REPUBLIKA.CO.ID, JAKARTA -- Polisi membubarkan ratusan pengungsi asal Afghanistan yang berdemonstrasi di depan kantor Komisioner Tinggi Perserikatan Bangsa-Bangsa untuk Pengungsi (UNHCR) Indonesia, Kebon Sirih, Jakarta Pusat, Selasa (24/8). Setelah membubarkan, polisi menyemprotkan disinfektan di area depan kantor UNHCR.
Polisi sebenarnya sudah berupaya membubarkan ratusan demonstran yang berkumpul sejak pagi itu pada pukul 11.00 WIB. Kericuhan pun terjadi. Namun, sekitar separuhnya memilih bertahan.
Pembubaran kembali dilakukan pukul 16.00 WIB. Puluhan aparat menghalau massa dengan membentuk barikade dan perlahan mendorong massa menjauh dari kantor UNHCR. Ada pula polisi yang menggunakan motor trail dan mobil taktis.
Sekitar pukul 16.15 WIB, area depan kantor UNHCR sudah steril dari massa demonstran. Sekitar 15 menit berselang polisi kembali datang, kali ini tujuannya untuk menyemprotkan disinfektan. Mobil water canon tampak menyemprotkan cairan disinfektan di titik yang sebelumnya jadi tempat berkumpul massa.
Republika.co.id berupaya meminta penjelasan terkait hal ini kepada Kabagops Polres Metro Jakpus AKBP Guntur Muhammad Tariq di lokasi. Namun, ia enggan memberikan keterangan.

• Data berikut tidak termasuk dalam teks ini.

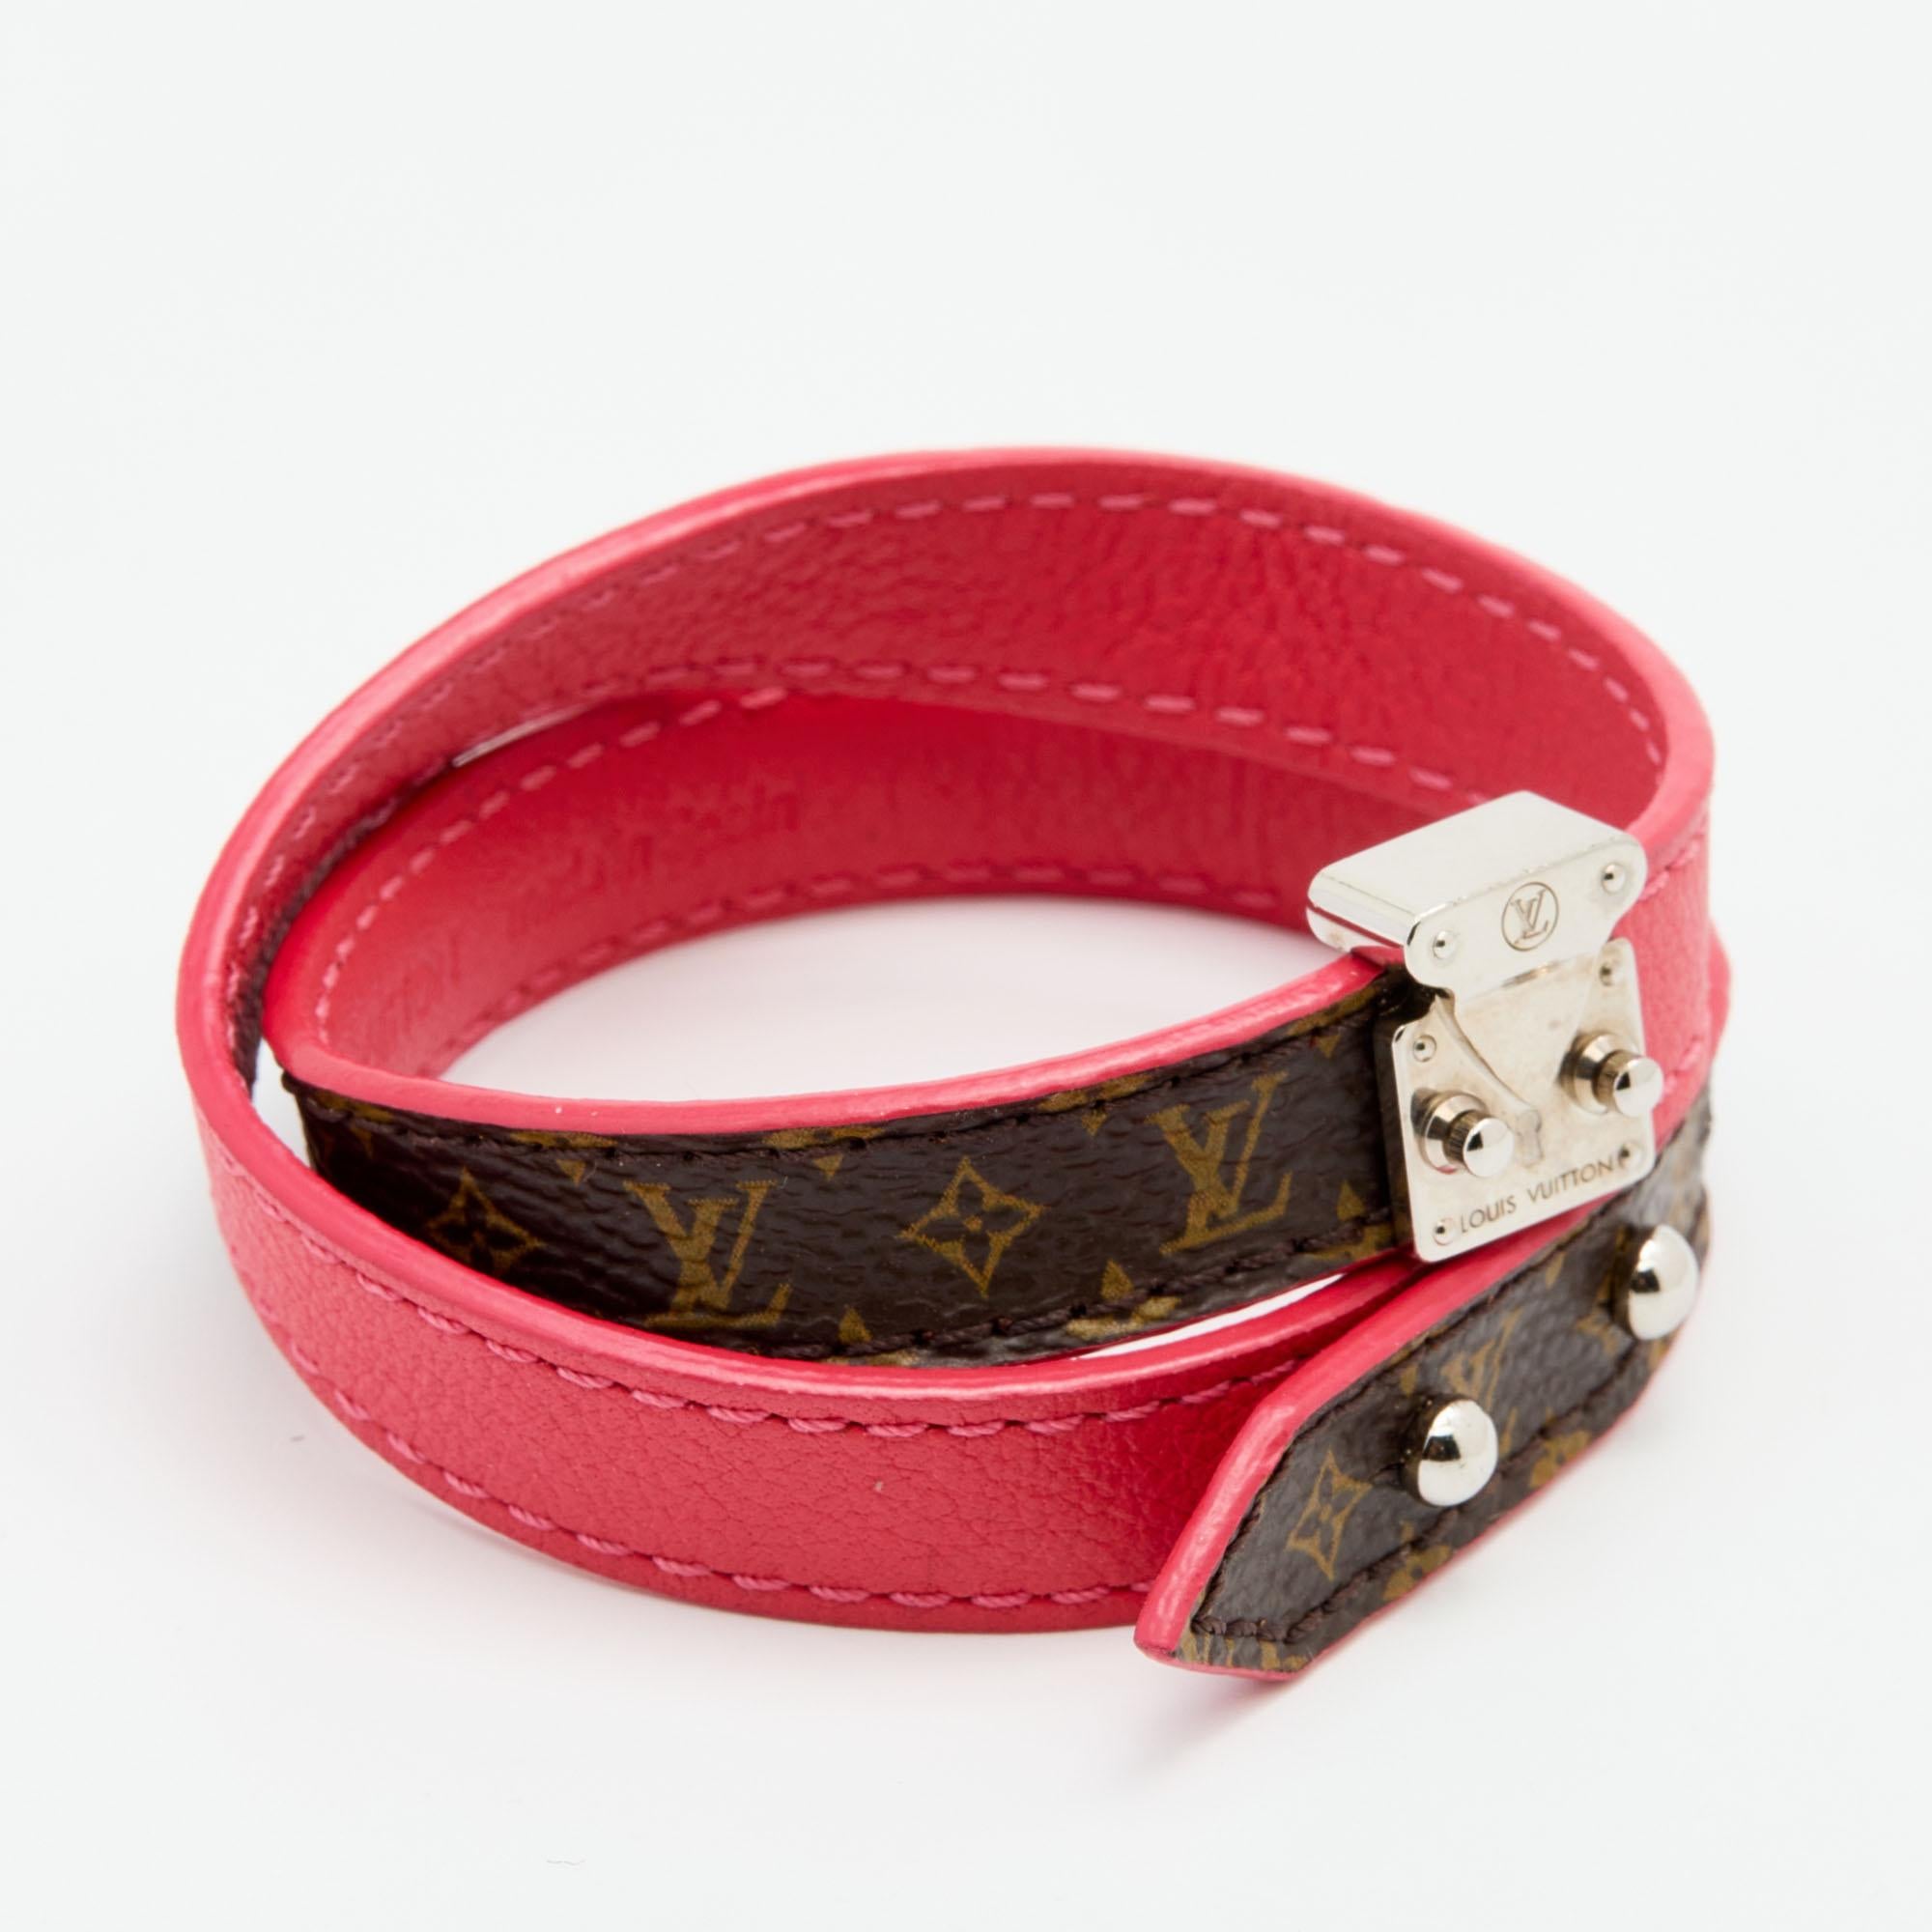 This Louis Vuitton Lockit bracelet is a chic accessory that can be paired with everything, from casuals to evening outfits. Made from monogram canvas and leather, it is beautified with an S lock in silver-tone metal. The bracelet has a long strap

Demonstrasi tersebut digelar ratusan pengungsi Afghanistan untuk meminta kejelasan nasib mereka kepada UNHCR. Sebab, sudah bertahun-tahun mereka di Indonesia, tapi belum juga ditempatkan ke negara ketiga (resettlement).
Selama menetap sementara di Indonesia, mereka tak diizinkan bekerja. Mereka juga tak bisa mendapatkan suntikan vaksin lantaran tak punya izin tinggal. "Perpindahan ke negara tujuan dan kebebasan adalah hak kami," demikian bunyi salah satu poster tulisan tangan yang diangkat salah satu pengungsi.
Sedangkan untuk kembali ke negara asalnya, bagi mereka hal itu tak memungkinkan. Sebab, Taliban sudah kembali berkuasa sehingga keberadaan suku minoritas Hazara kembali terancam.
"Kami di sini kumpul hampir 800 orang memang kebanyakan dari Hazara. Keluarga kami di Afghanistan kondisinya sekarang tidak bagus karena tiap saat, tiap jam mereka khawatir," kata Qurban Ali Mirzai (27), pengungsi asal Provinsi Ghazni, tak jauh dari ibu kota Kabul.
Afghanistan berkecamuk dalam sepekan terakhir usai Taliban (kelompok yang mayoritas diisi suku Pasthun) mengambil alih pemerintahan dan Kota Kabul. Warga sipil Afghanistan kabur ke berbagai negara karena takut dengan cara Taliban memerintah, sebagaimana mereka dulu berkuasa 1996-2001. Ketika itu, Taliban menerapkan hukum syariat Islam superkaku dan juga diskriminatif kepada kelompok minoritas.